2. \(\frac{dy}{dx} = 1 - y\)

differential_equation = sym.Eq(sym.diff(y(x), x), 1 - y(x))
sym.dsolve(differential_equation, y(x))

\[\displaystyle y{\left(x \right)} = C_{1} e^{- x} + 1\]

3. \(\frac{dy}{dx} = \frac{x - 50}{10}\)

differential_equation = sym.Eq(sym.diff(y(x), x), (x - 50) / 10)
sym.dsolve(differential_equation, y(x))

\[\displaystyle y{\left(x \right)} = C_{1} + \frac{x^{2}}{20} - 5 x\]

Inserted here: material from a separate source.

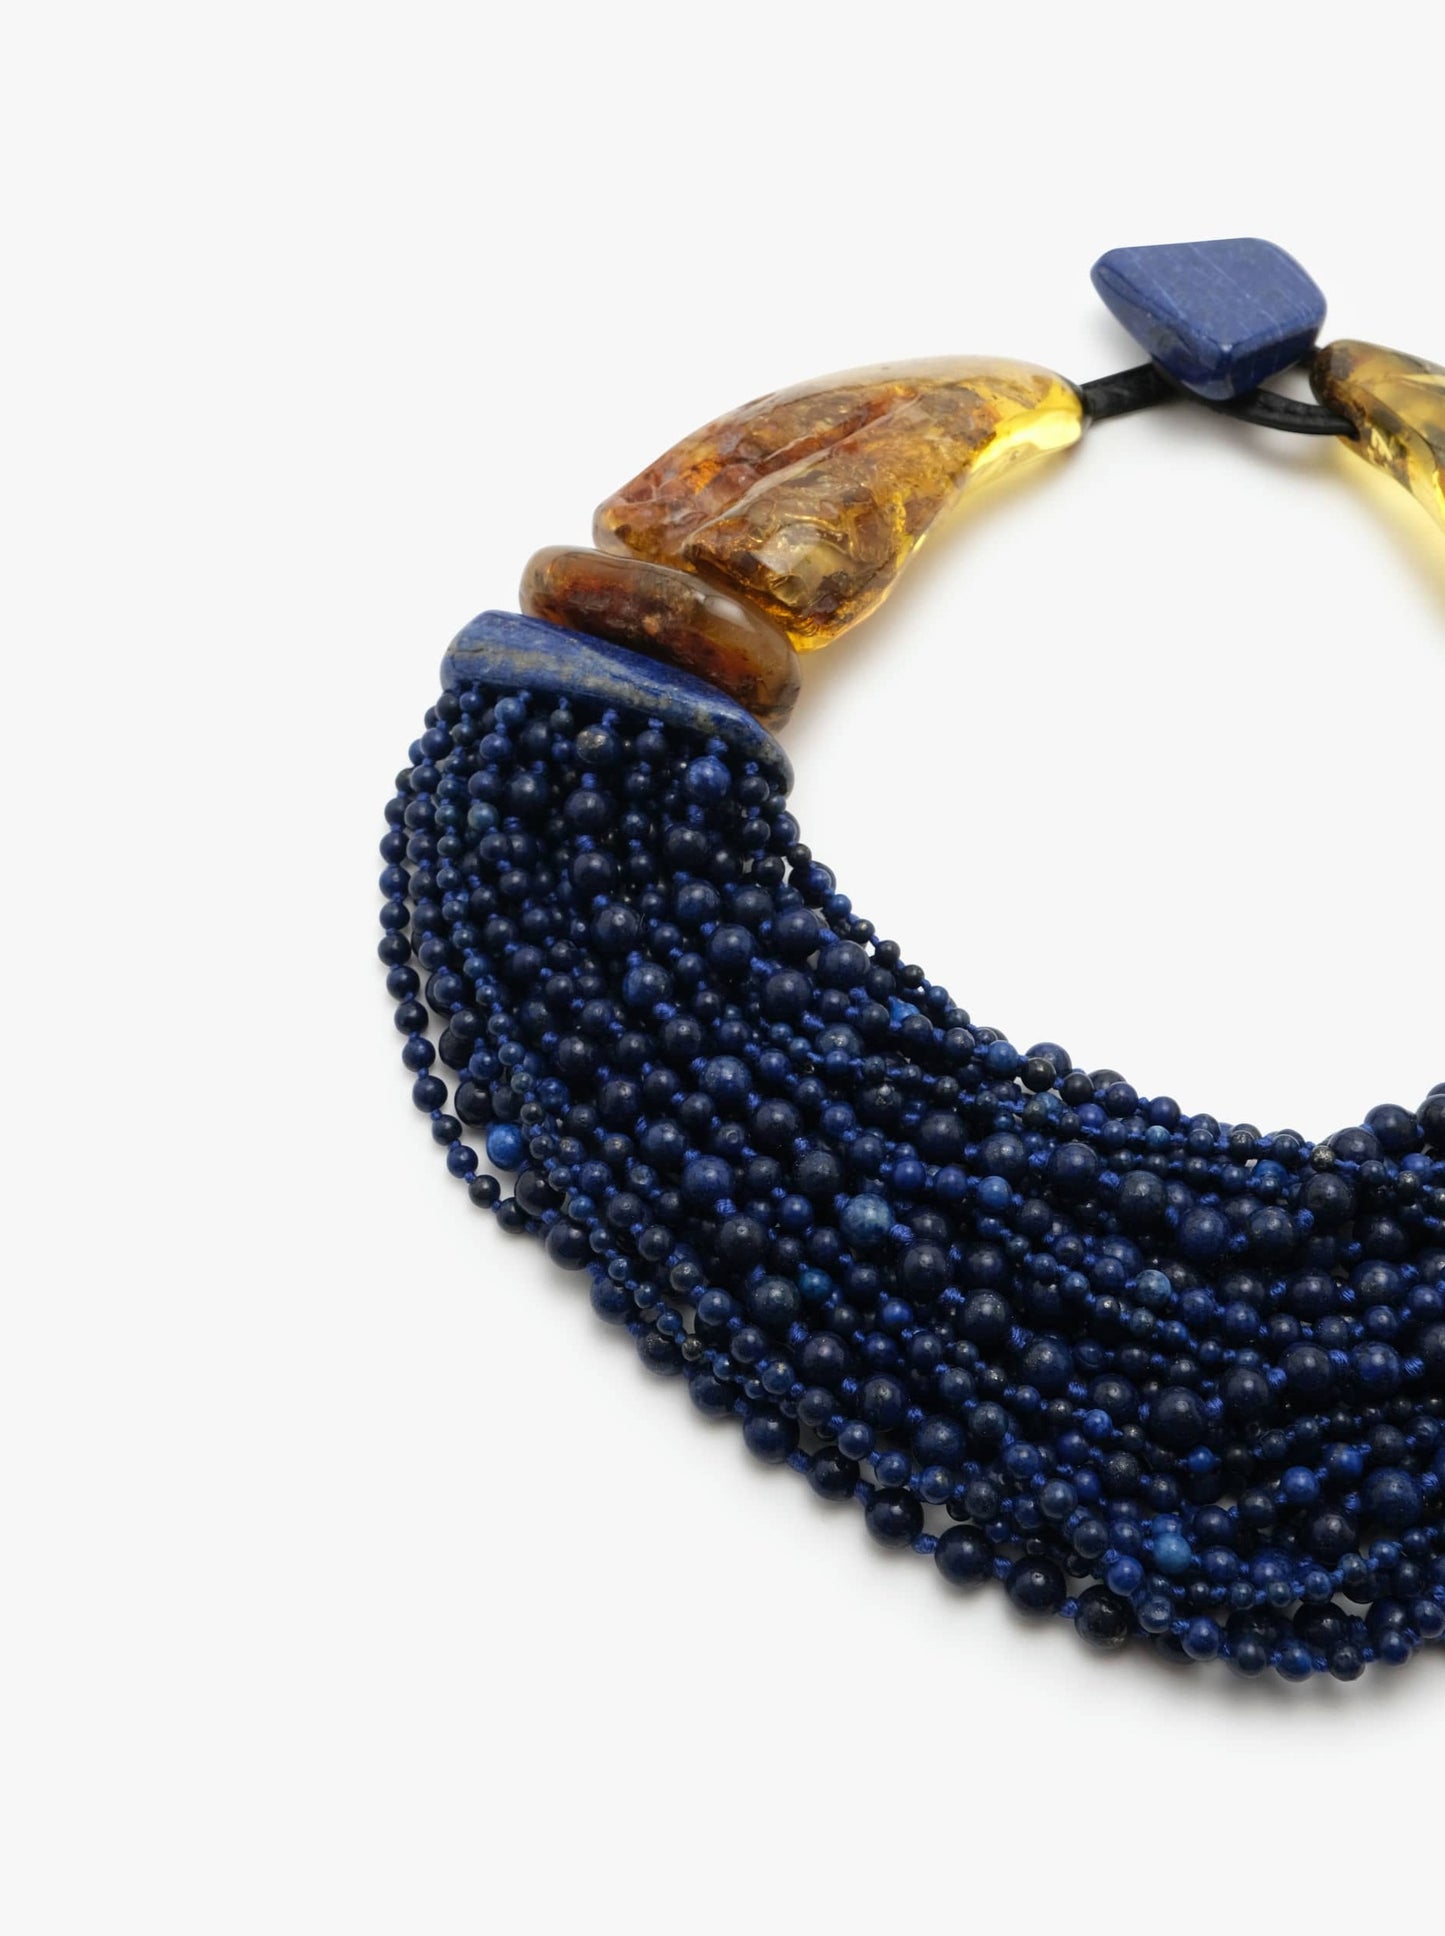 Necklace: Lapis lazuli & amber

4. \(\frac{dy}{dx} = y ^2 \ln (x)\)

differential_equation = sym.Eq(sym.diff(y(x), x), y(x) ** 2 * sym.log(x))
sym.dsolve(differential_equation, y(x))

\[\displaystyle y{\left(x \right)} = - \frac{1}{C_{1} + x \log{\left(x \right)} - x}\]

5. \(\frac{dy}{dx} = (1 + y) ^ 2\)

differential_equation = sym.Eq(sym.diff(y(x), x), (1 + y(x)) ** 2)
sym.dsolve(differential_equation, y(x))

\[\displaystyle y{\left(x \right)} = \frac{- C_{1} + x + 1}{C_{1} - x}\]

Question 3

3. Obtain the particular solution for the equations in question 1 with the following particular conditions:

1. \(y(0) = \pi\)

conditions = {y(0): sym.pi}
differential_equation = sym.Eq(sym.diff(y(x), x), sym.cos(x))
sym.dsolve(differential_equation, y(x), ics=conditions)

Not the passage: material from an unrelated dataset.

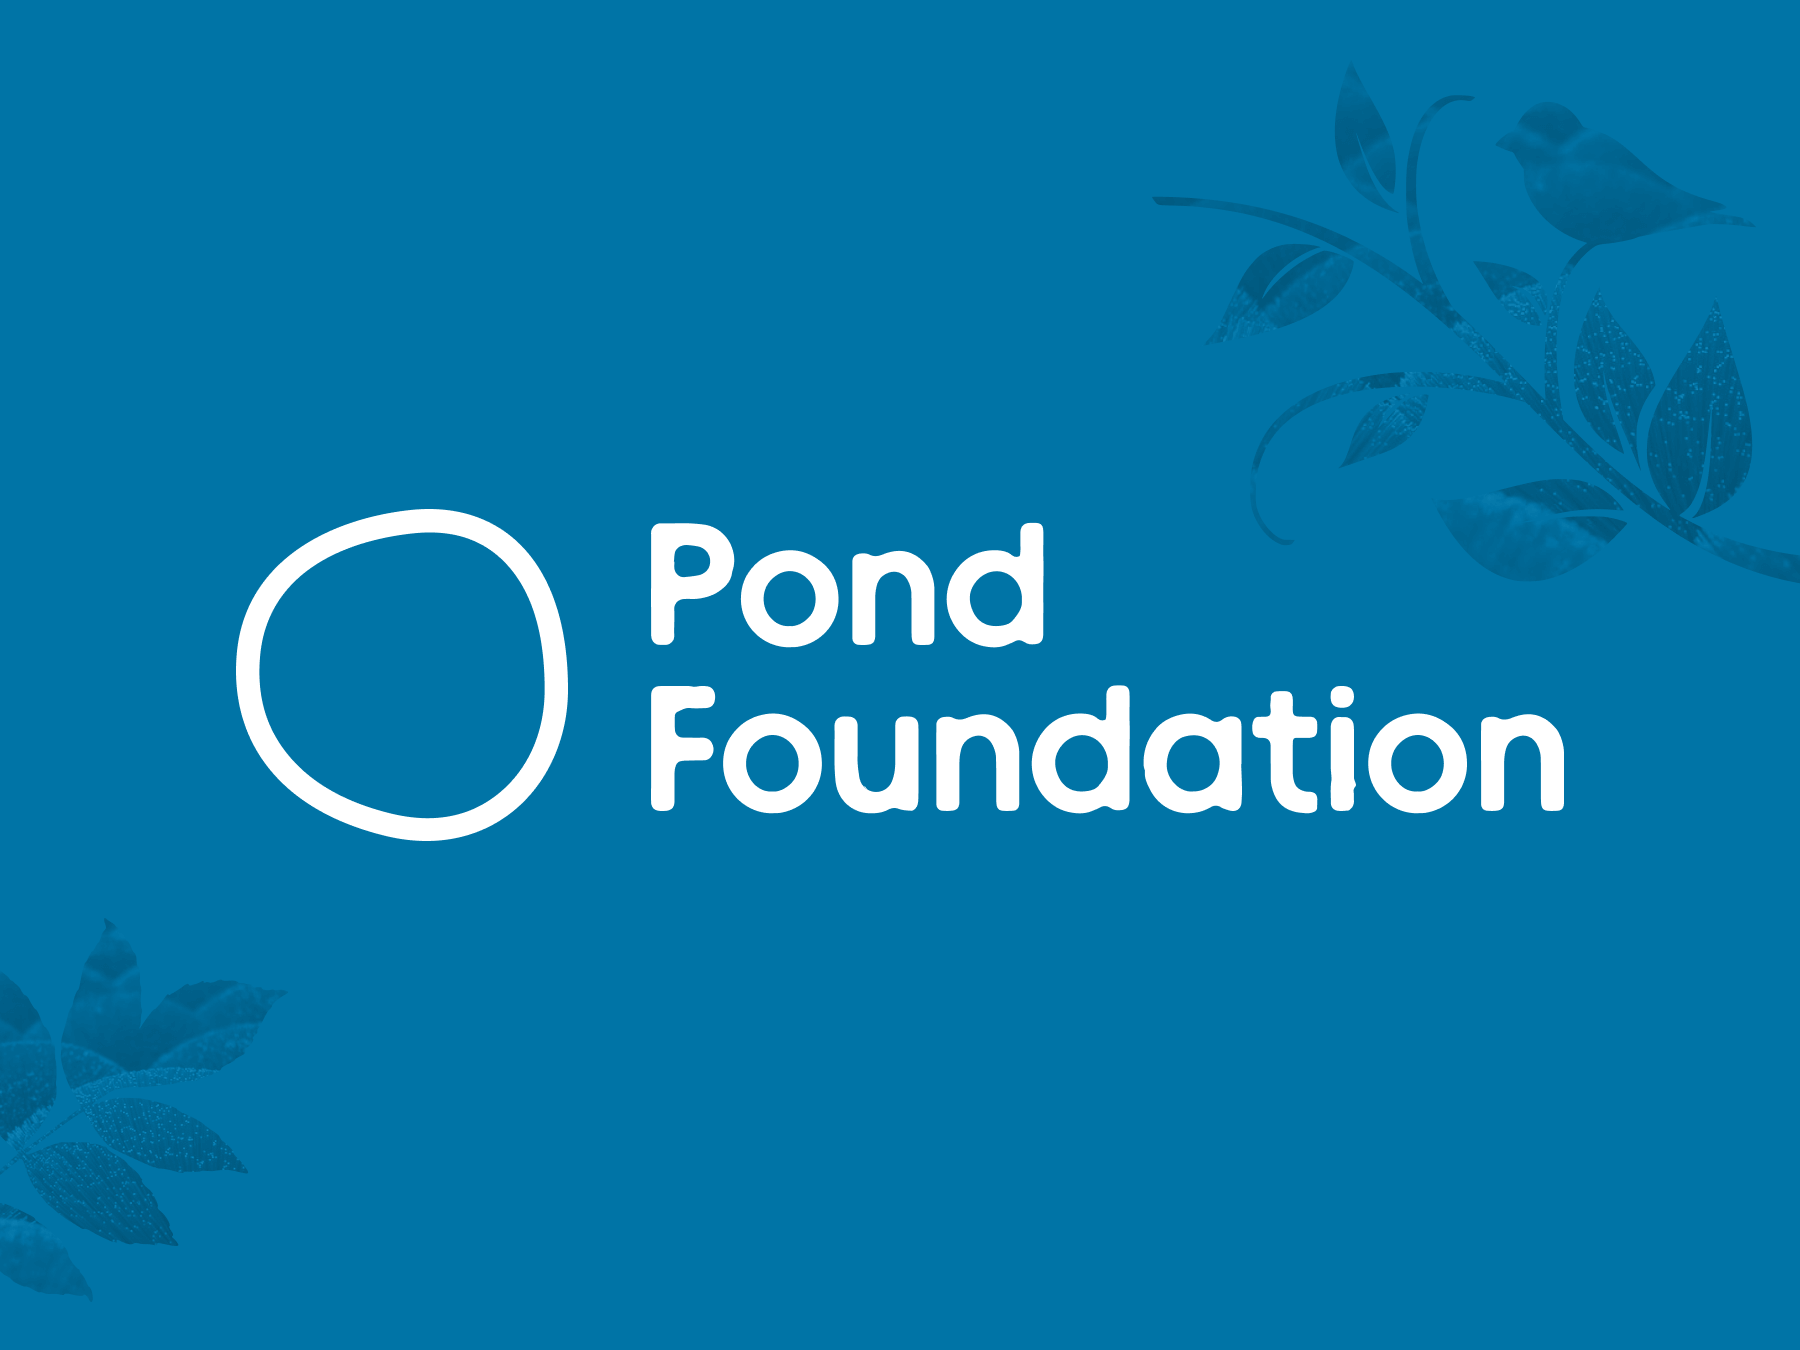 Pond Foundation

\[\displaystyle y{\left(x \right)} = \sin{\left(x \right)} + \pi\]

2. \(y(2) = 3\)

conditions = {y(2): 3}
differential_equation = sym.Eq(sym.diff(y(x), x), 1 - y(x))
sym.dsolve(differential_equation, y(x), ics=conditions)

\[\displaystyle y{\left(x \right)} = 1 + 2 e^{2} e^{- x}\]

3. \(y(50) = 1\)

conditions = {y(50): 1}
differential_equation = sym.Eq(sym.diff(y(x), x), (x - 50) / 10)
sym.dsolve(differential_equation, y(x), ics=conditions)

\[\displaystyle y{\left(x \right)} = \frac{x^{2}}{20} - 5 x + 126\]

4. \(y(e) = 1\)

conditions = {y(sym.exp(1)): 1}
differential_equation = sym.Eq(sym.diff(y(x), x), y(x) ** 2 * sym.log(x))
sym.dsolve(differential_equation, y(x), ics=conditions)

\[\displaystyle y{\left(x \right)} = - \frac{1}{x \log{\left(x \right)} - x - 1}\]

5. \(y(-1) = 3\)

conditions = {y(-1): 3}
differential_equation = sym.Eq(sym.diff(y(x), x), (1 + y(x)) ** 2)
sym.dsolve(differential_equation, y(x), ics=conditions)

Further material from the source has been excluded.